Sous une couverture du plus vif écarlate orné d’un splendide cafard en relief avec un minuscule bonhomme sur le dos se présente l’ultime roman de feu Michael Crichton, qui nous a quittés en 2008, le laissant inachevé. Ce n’est pas parce que la poule aux œufs d’or n’est plus qu’il ne faut pas en couver les derniers. Auteur de best-sellers s’il en fut, spécialisé dans le technothriller au point d’en être littéralement l’incarnation, Michael Crichton ne se compare guère qu’à Tom Clancy ; à ceci près qu’il préfère le monde de l’entreprise à celui de l’Armée et du renseignement. Encore fallait-il lui trouver un remplaçant qui soit à la hauteur, susceptible de terminer l’ouvrage laissé sur le métier. Le choix de Richard Preston, qui a déjà plus que fait ses preuves en la matière, s’imposait comme l’un des plus pertinents.
Le roman dégage bien cette forte odeur de fabrique qui est l’apanage de ce genre d’ouvrage, pensé, conçu dès l’origine pour remplir le contrat avec le lectorat de masse et, par extension, en vue de son adaptation cinématographique. Ce type de roman est un produit, au sens commercial du terme. La personnalité des auteurs se retire autant que faire se peut. Crichton — et Preston — connaissent bien le monde de l’entreprise moderne et ont une grosse culture technoscientifique qu’ils exploitent. « Je vais vous raconter une histoire pleine de cloportes et d’asticots et vous allez aimer ça ! » Le pari n’est pas gagné d’avance. Il faut ce réel savoir-faire que Crichton et Preston maîtrisent parfaitement.

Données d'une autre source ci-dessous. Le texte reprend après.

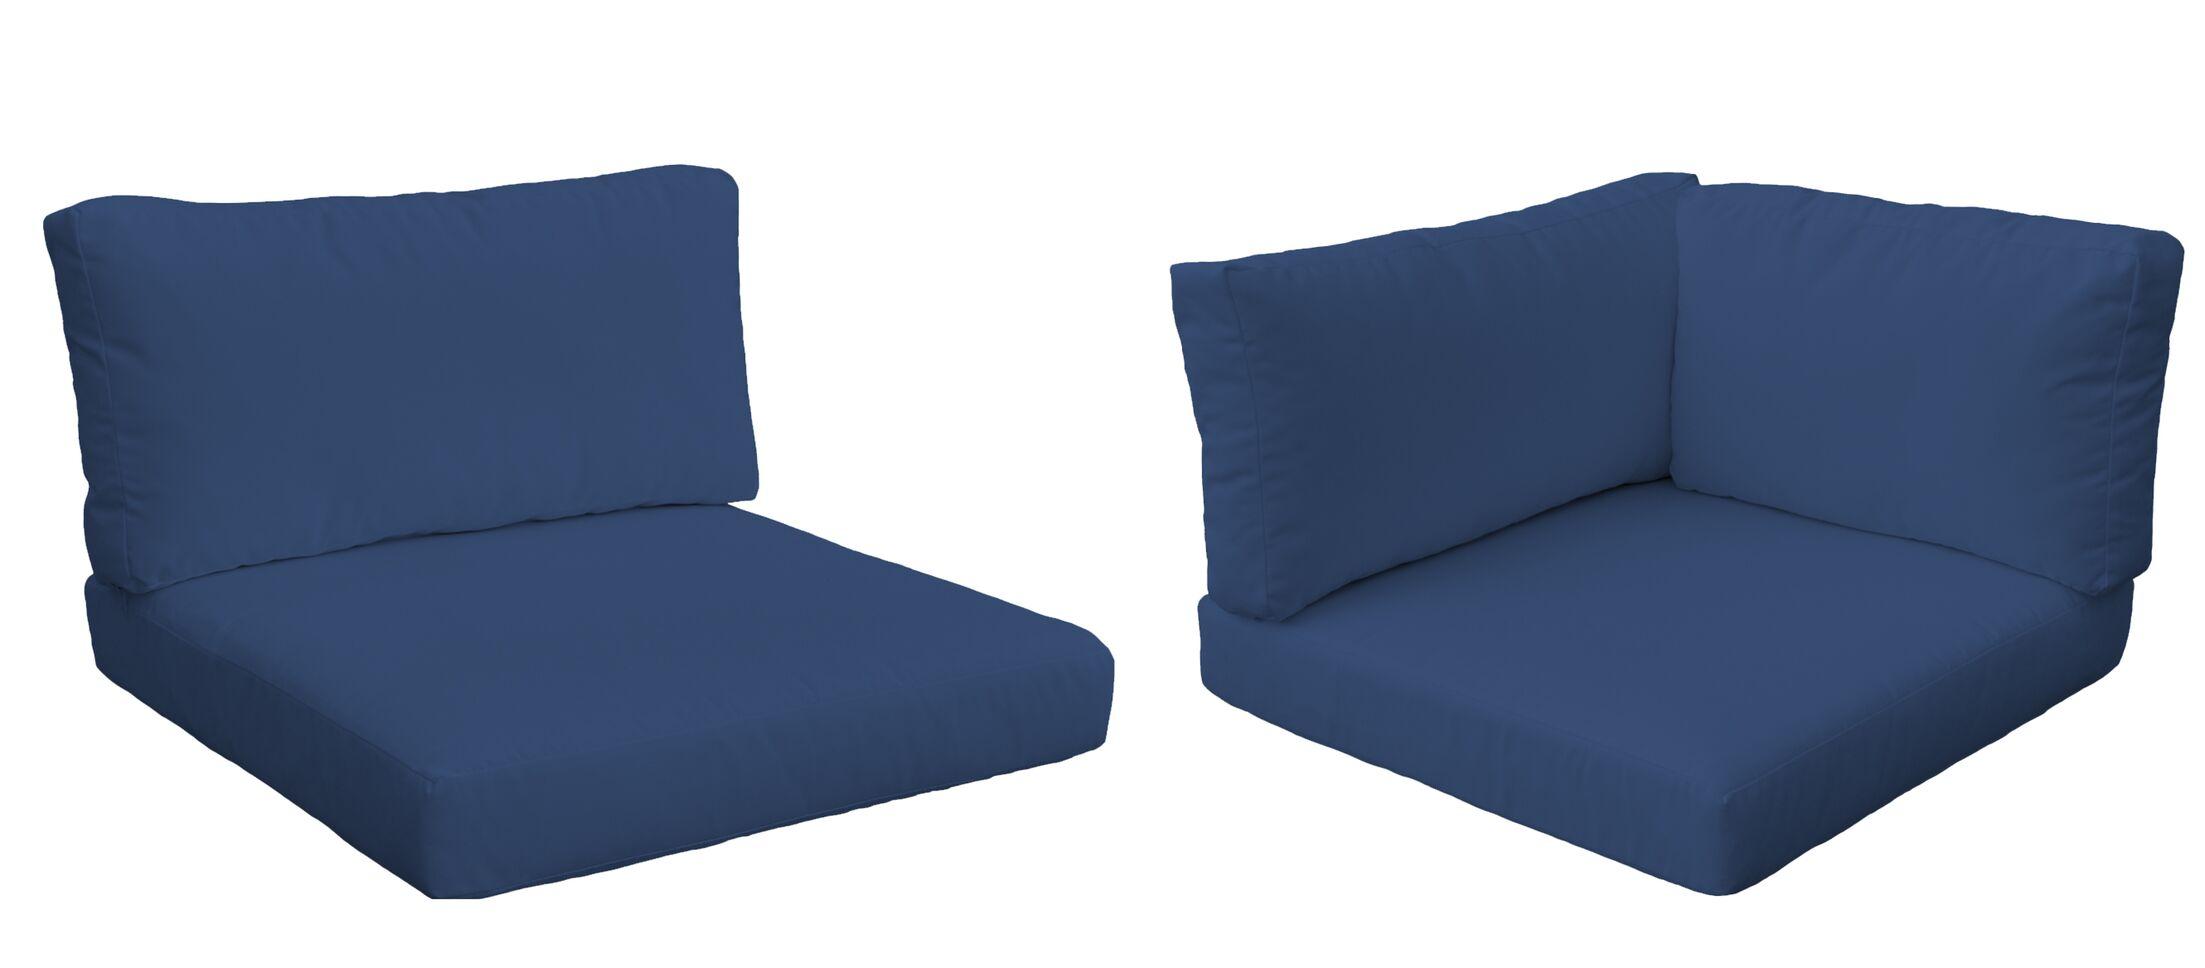 Monaco Outdoor 12 Piece Lounge Chair Cushion Set Fabric: Navy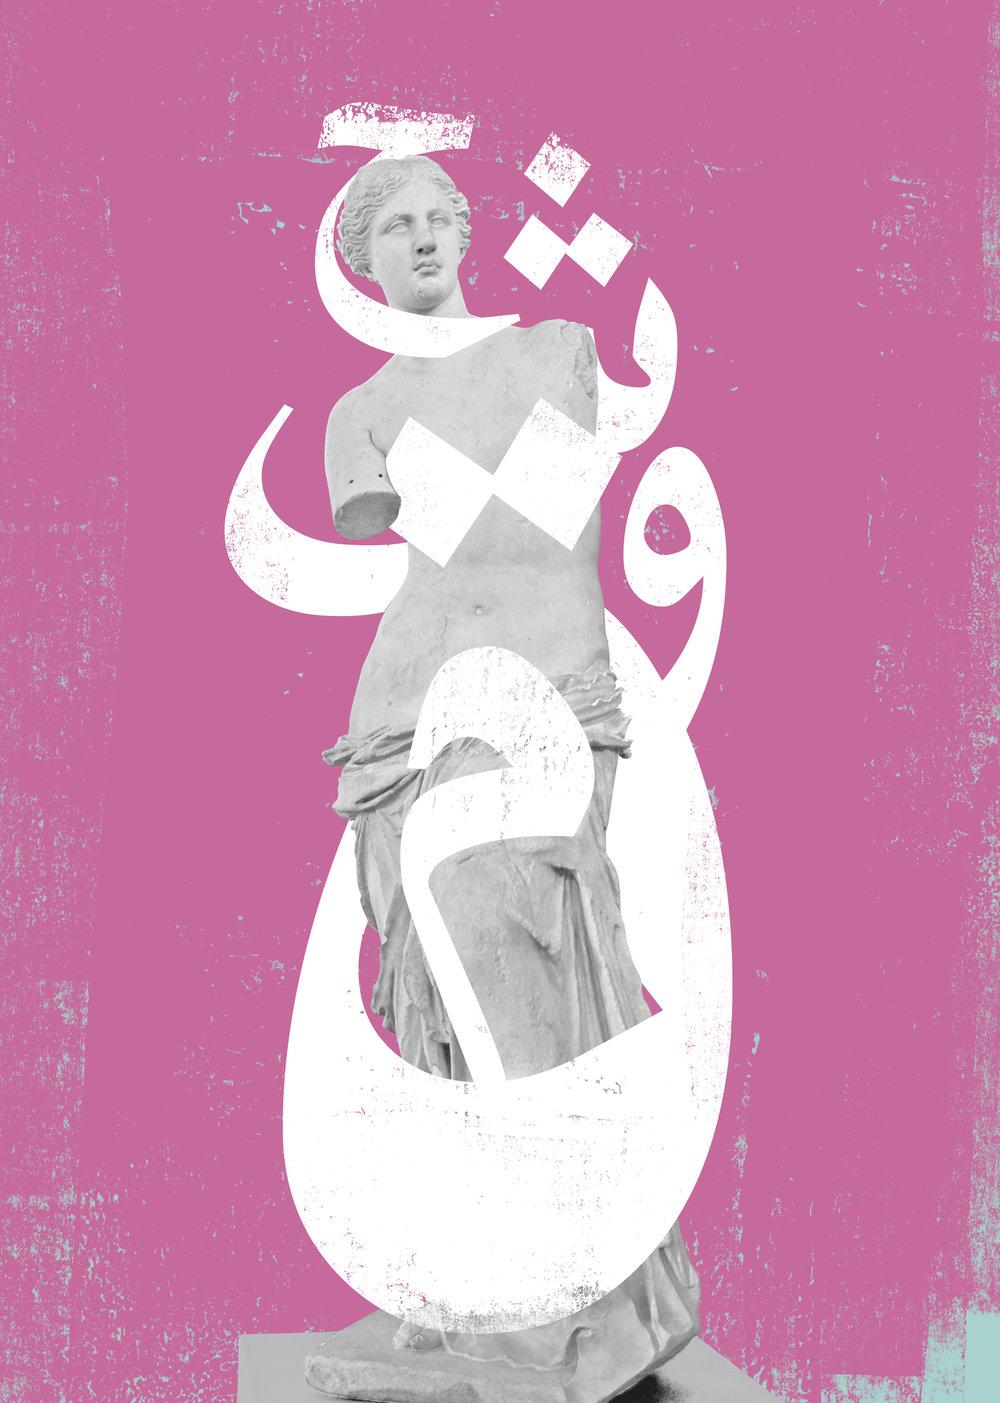 <b>Younes Zemmouri</b></br><i>H'shouma (Shame</i> series)</br>digital art print on archival paper</br>limited edition of 30</br>20 x 16 inches</br>$400 unframed / $600 framed

Ça marche. Oui. Mais on en vient à se demander si de tels auteurs sont bien des écrivains. S’ils font vraiment œuvre littéraire ? Comme l’auteur de « Montez vos placards vous-même », ils connaissent leur sujet, s’expriment avec précision dans une langue claire et intéressent leurs lecteurs. Cette littérature pratique mobilise des quantités d’auteurs professionnels qui gagnent ainsi leur vie sans pour autant être des écrivains. Cette littérature n’est pas littéraire. Et quantité de best-sellers ont la même odeur de colle et de sciure. Est-ce là l’avenir de la littérature populaire ? Peut-être bien. Espérons que non. Les marchands s’en accommoderaient fort bien et s’appuient sur des romans comme ce Micro pour affirmer que le livre est un produit comme les autres. La littérature, qu’elle soit populaire ou bourgeoise, ne demande pas l’effacement de l’écrivain derrière une prose insipide. La bonne bouffe, ce n’est pas la cuisine internationale ! Si l’art culinaire est un art, c’est bien parce qu’il permet d’exprimer une personnalité dans une créativité à nulle autre pareille. Il faut qu’il y ait une communication, voire une communion. Tout le monde se satisfait de la cuisine internationale comme des best-sellers : le contrat est rempli, certes, mais cela suffit-il ? Peut-être à passer le temps d’un vol entre deux restaurants d’aéroport, sonorisé avec quelques-uns des disques les plus ennuyeux de Brian Eno (Music for airports). Que reste-t-il au bout du compte ? Un tel livre a-t-il le pouvoir de nous changer un peu ? En garde-t-on des années durant un souvenir ému ? Non.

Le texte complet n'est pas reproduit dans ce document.